Никто не знал, что же произошло. По-видимому, доведенный до полного отчаяния Апостолидис навестил Панделиса Лабринопулоса.
— Я не могу каждую неделю дожидаться очередного избиения, — вероятно, заявил он ему. — Я знаю, что ты тоже являешься сообщником Иванова. Мне придется выдать вас обоих… Предупреждаю, больше я уже не могу терпеть. Я не хотел бы выдавать друзей, но мне придется это сделать, если вы только сами не решите между собой этот вопрос. Награда мне не нужна, я просто не могу больше выносить адские мучения…

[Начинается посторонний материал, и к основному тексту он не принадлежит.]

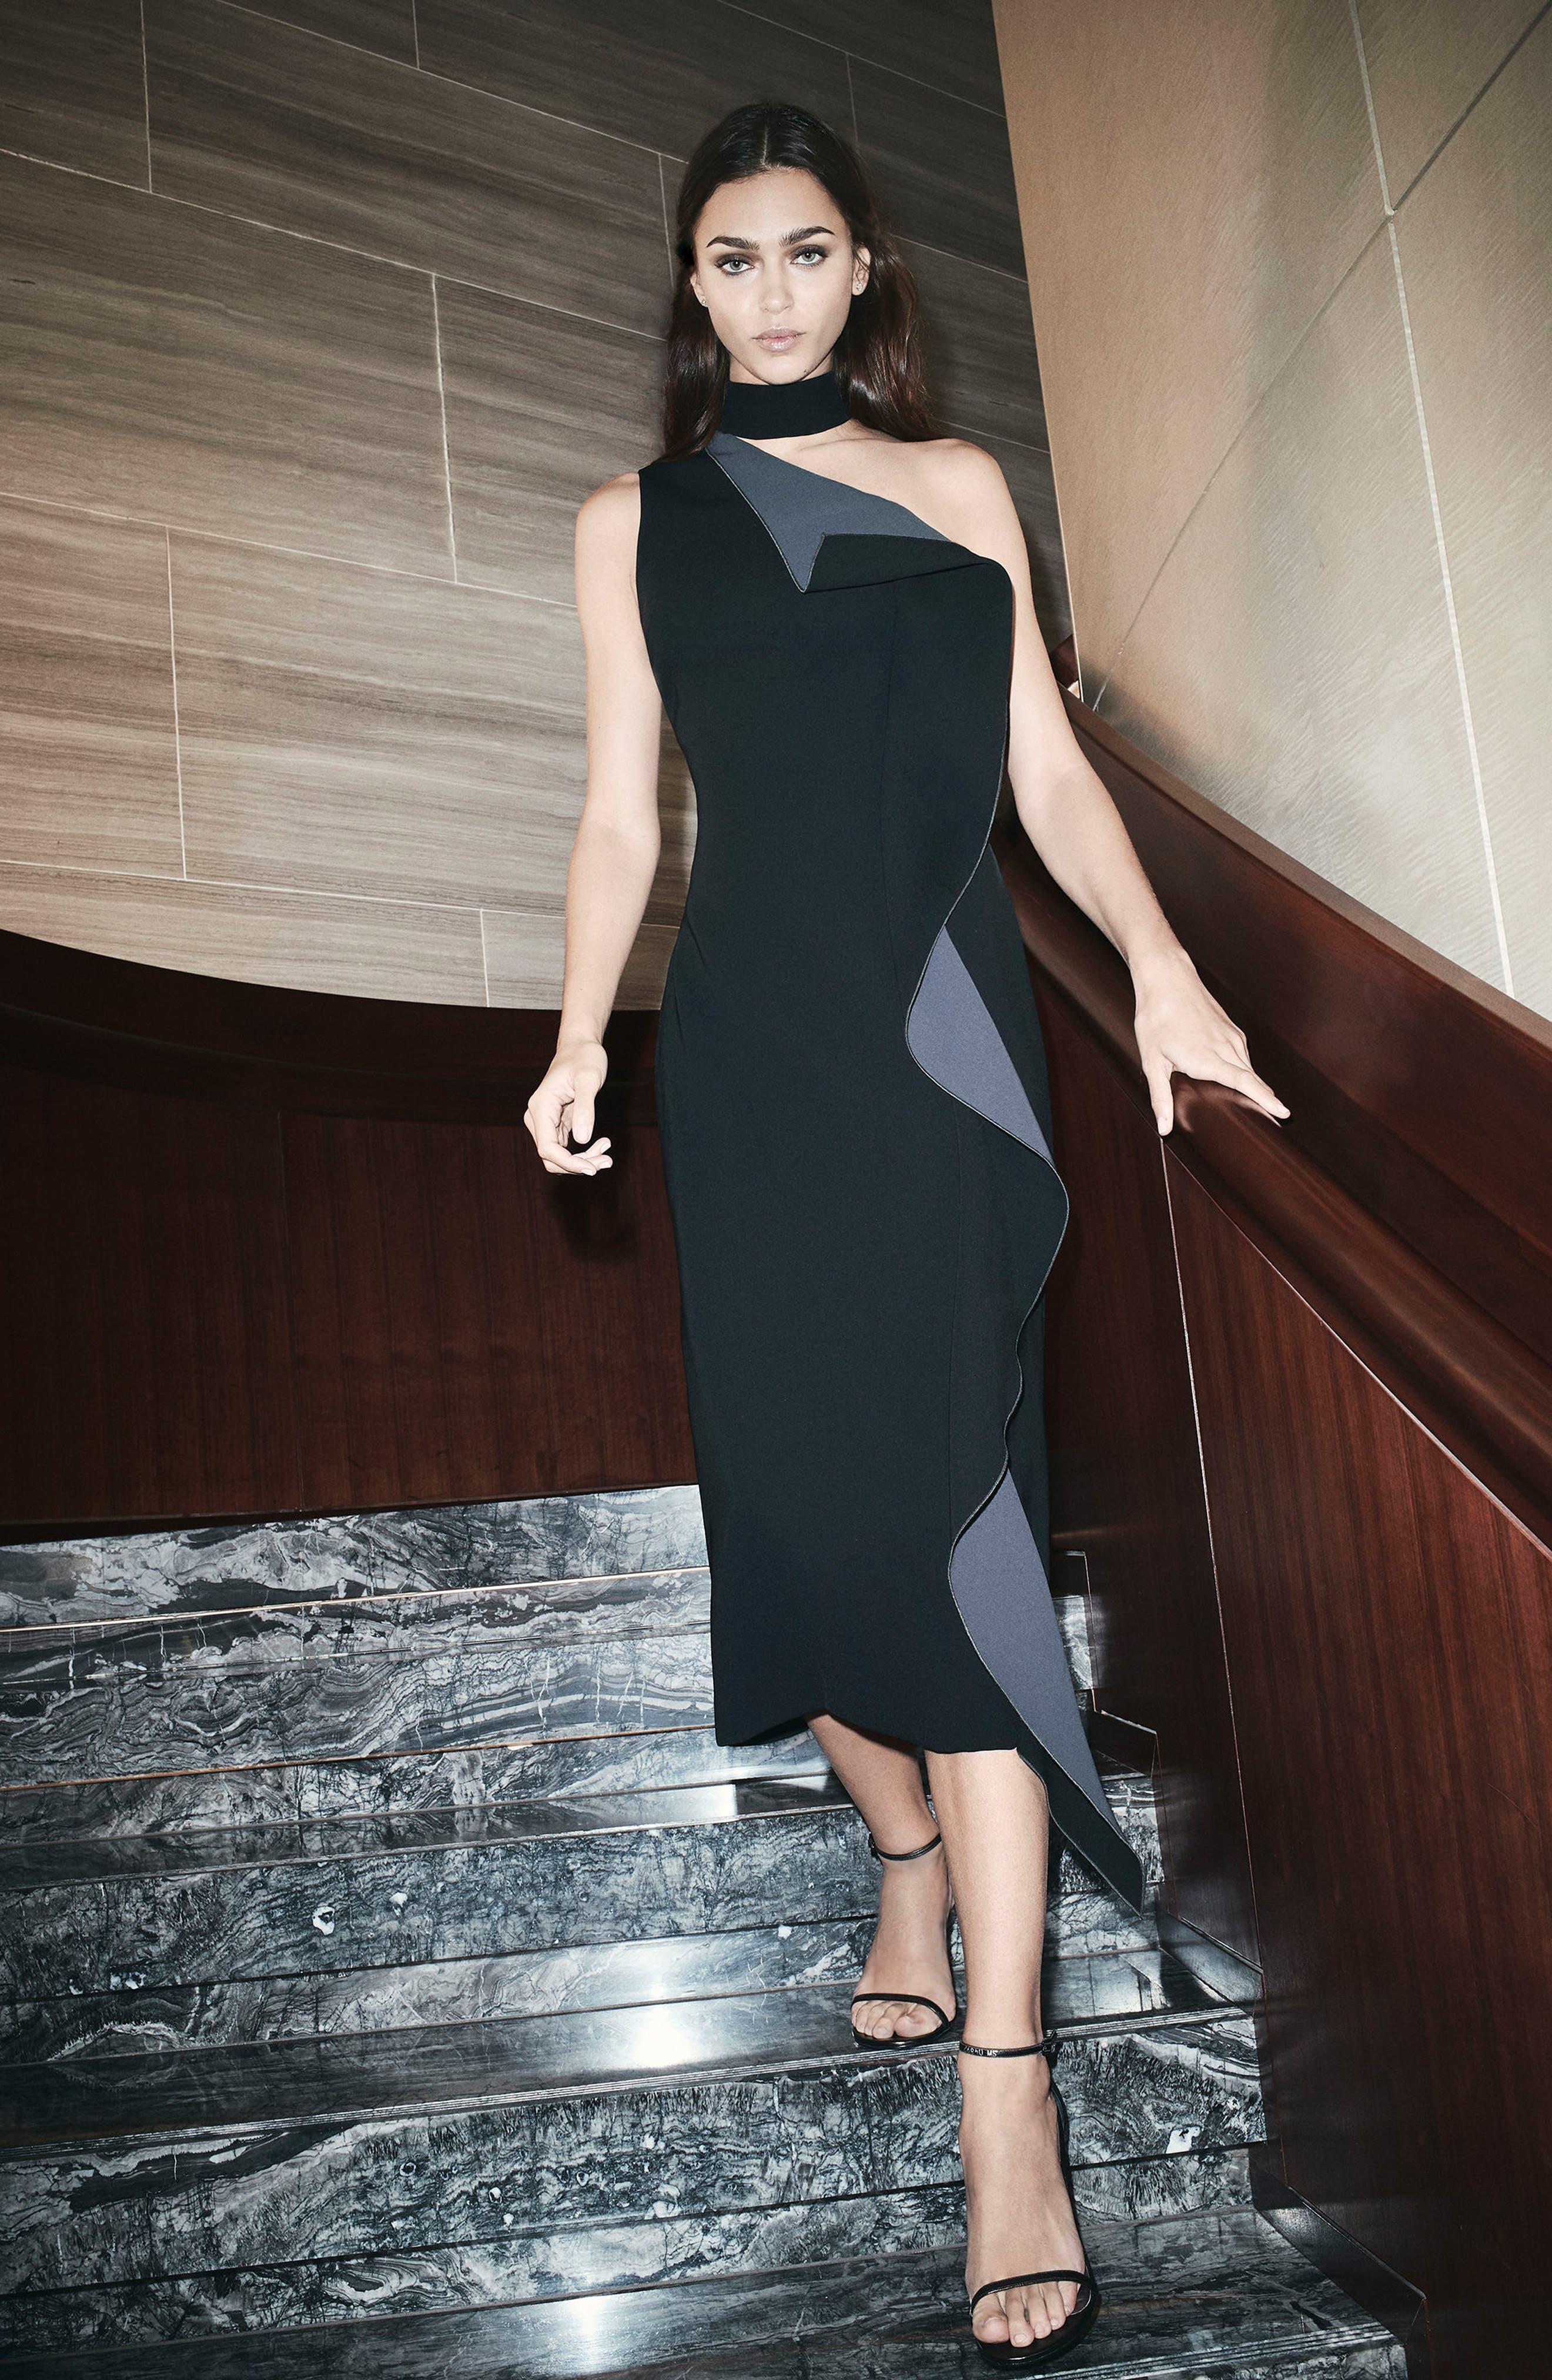 Elettra Ruffle Front Bonded Crepe Halter Dress,                             Alternate thumbnail 2, color,                             Black/ Graphite
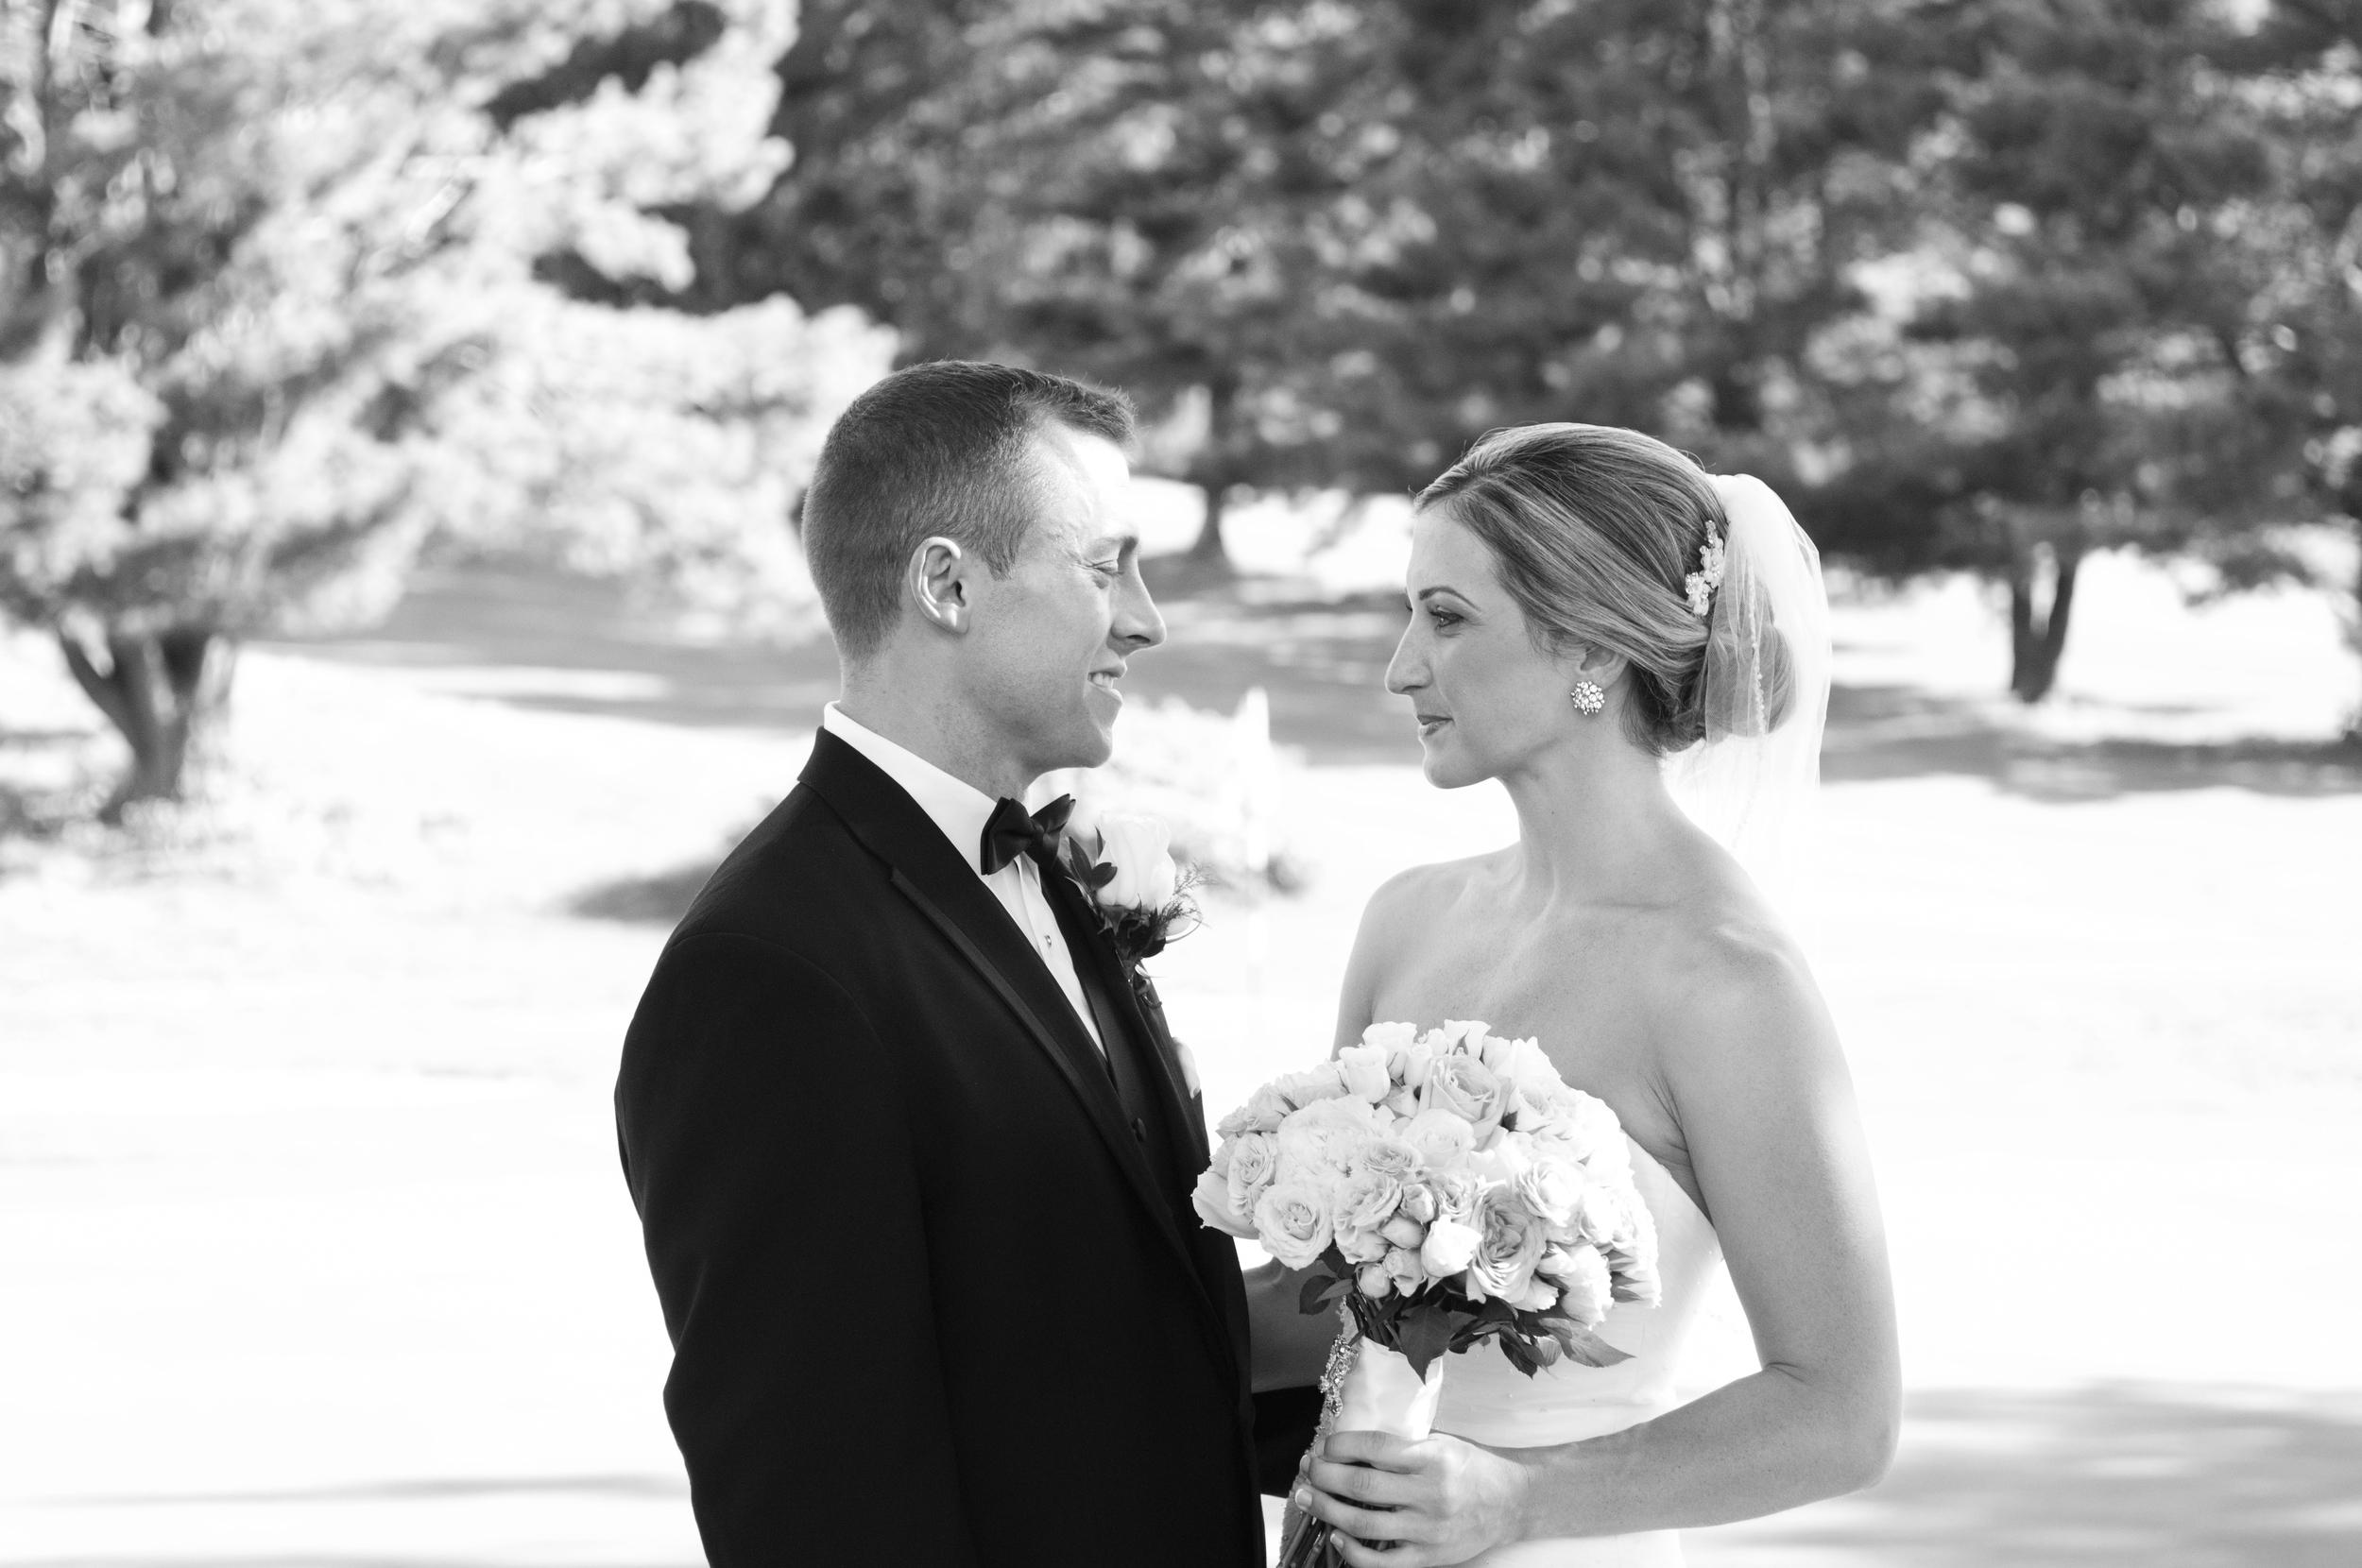 Angela_Chicoski_CT_wedding_photographer_094.jpg

Вероятно, перепуганный Панделис долго совещался с братом; выход из создавшегося положения представлялся им в договоренности с итальянцами, которые вели себя в покоренной стране намного мягче немцев. Несмотря на отсутствие явных улик, можно считать доказанным, что цепная реакция предательства шла по линии Пандос — Апостолидис — Лабринопулос и проходила под влиянием таких сил, как зависть и корыстолюбие, корыстолюбие и страх, страх и оппортунизм.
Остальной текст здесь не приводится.